If sex is a source of stress or distress, it will negatively affect well-being – and it’s hard to prove that having sex (or not) directly increases or reduces stress.

That said, a 2022 study measured stress hormones in couples aged between 67 and 74.

Dr Wright adds: ‘It showed that cortisol levels were lower in couples who had physical intimacy even if that wasn’t necessarily sex.’
Dr Wright stresses: ‘It isn’t sex on its own that has all those positive impacts.

Sex is one way of feeling intimate, connected and relaxed.

But you can have a really happy life if you can find that in other ways.’
Sex makes you live longer!

This claim has been made thanks to a 1997 study of 918 men aged 45 to 59 suggesting that those who had regular sex had a longer lifespan.

According to the research, says Dr Wright: ‘If you have a hundred orgasms annually, it’s correlated with seven years of additional lifespan.

In men, frequency of sex that was the marker of doing well.’
Previous studies have shown that in women, longevity is linked more to the quality and enjoyment of sex than the quantity.
‘It probably isn’t the sex that’s making you stay alive,’ says Dr Wright. ‘It’s probably a proxy marker of having a healthy body.’ The truth is, she says, there is zero direct evidence that celibacy shortens – or lengthens – your life. ‘We just haven’t done the research.’ Though as one wit joked: ‘Life without sex?

It just seems longer.’
It isn’t proven that staying sexually active in later life reduces your risk of heart attacks, but health benefits can be inferred.

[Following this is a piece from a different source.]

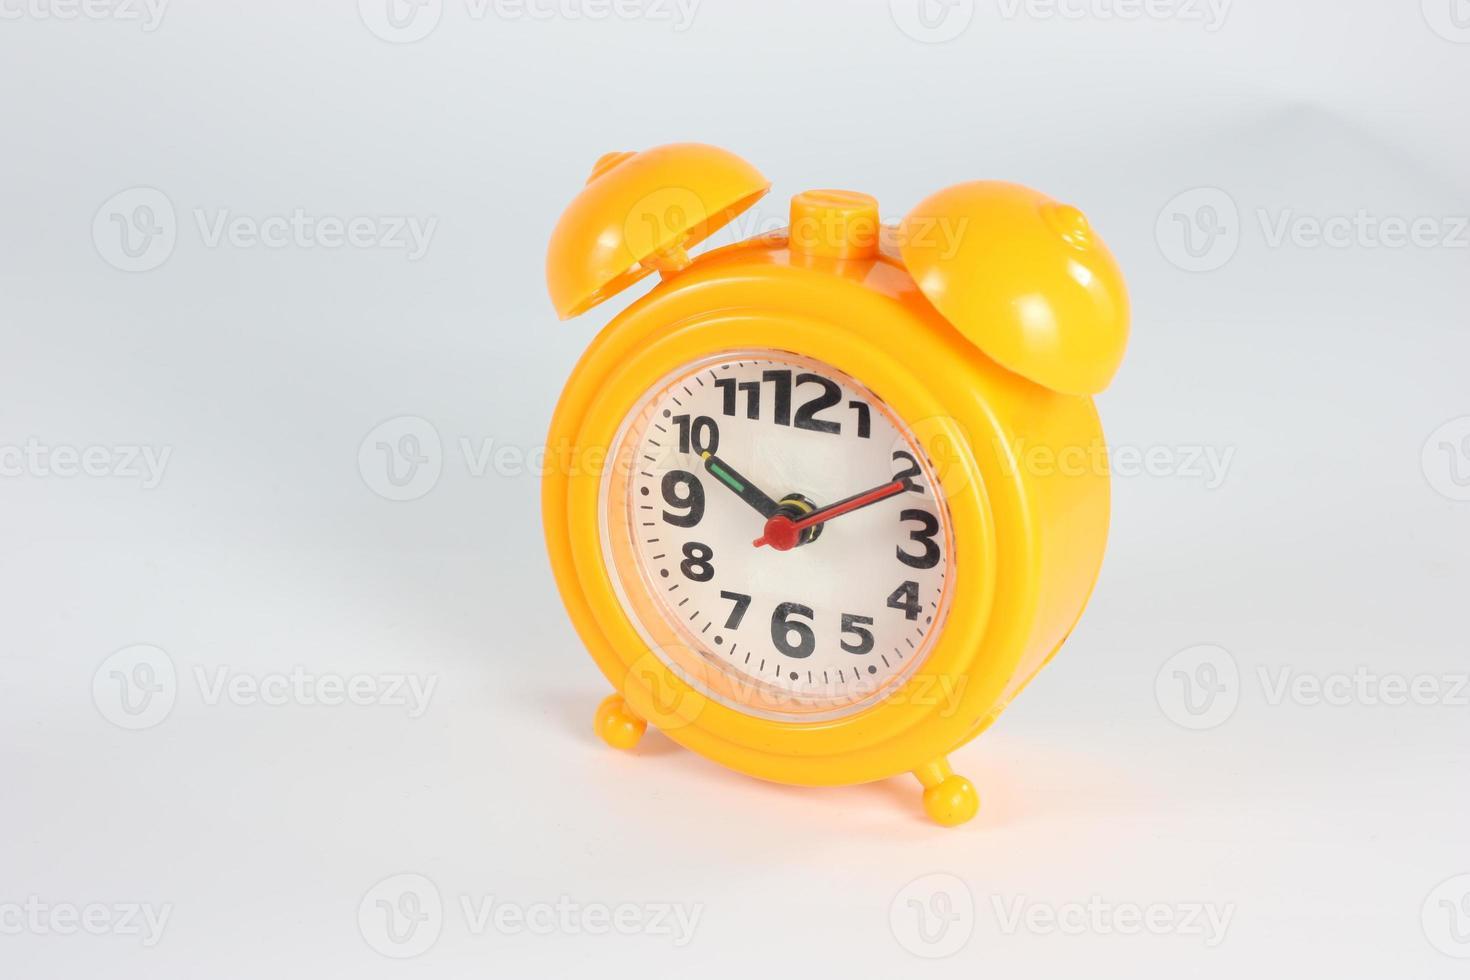 horloge jaune sur fond blanc photo

One study suggested sex equates to mild or moderate physical activity, such as ‘climbing two flights of stairs or walking briskly.’ But we can still link sex and heart health – in that for men who’d love to get it on, but can’t rise to the occasion, this could be a red flag.
‘Losing your erections can be a sign of heart disease, cholesterol in your arteries and diabetes,’ says Dr Wright. ‘Around 50 per cent of men have erectile dysfunction by the age of 50 – they have some problems sustaining it or it won’t be very strong.

Ten per cent never get an erection at all.’
When it comes to men who’ve suffered heart attacks, Dr Wright adds: ‘When asked if they’ve had erectile dysfunction, on average it starts two to five years before their first angina or heart attack.
‘Loss of morning erections can be the “canary in the coal mine” – the first marker.’ Let’s be blunt: Can a lack of sex hasten ‘vaginal atrophy’ post-menopause?

Yes, as it can contribute to a faster decline in vaginal elasticity.

For post-menopausal women, whether you want to have sex or not, vaginal oestrogen is your friend, as it helps to keep the tissues healthy.

As Dr Wright says: ‘If you get aroused on a regular basis, if you can accommodate the diameter of the penis or the toy, then the tissues are effectively getting stretched and massaged.’ Dr Wright adds: ‘There is some truth that if you get the blood flowing, and there’s movement and massage in the area, it helps the tissues stay in better condition.’ But, Dr Wright loathes the phrase ‘use it or lose it’ and stresses there’s zero benefit if sex is joyless or painful. ‘It sets up cycles of muscle tension, making it really difficult to experience pleasure because you’re anxious.’ For post-menopausal women, whether you want to have sex or not, vaginal oestrogen is your friend, as it helps to keep the tissues healthy.

Dr Begeti says: ‘Some people report it’s easier to fall asleep after sex which may be due to the release of hormones like prolactin, which promote relaxation.’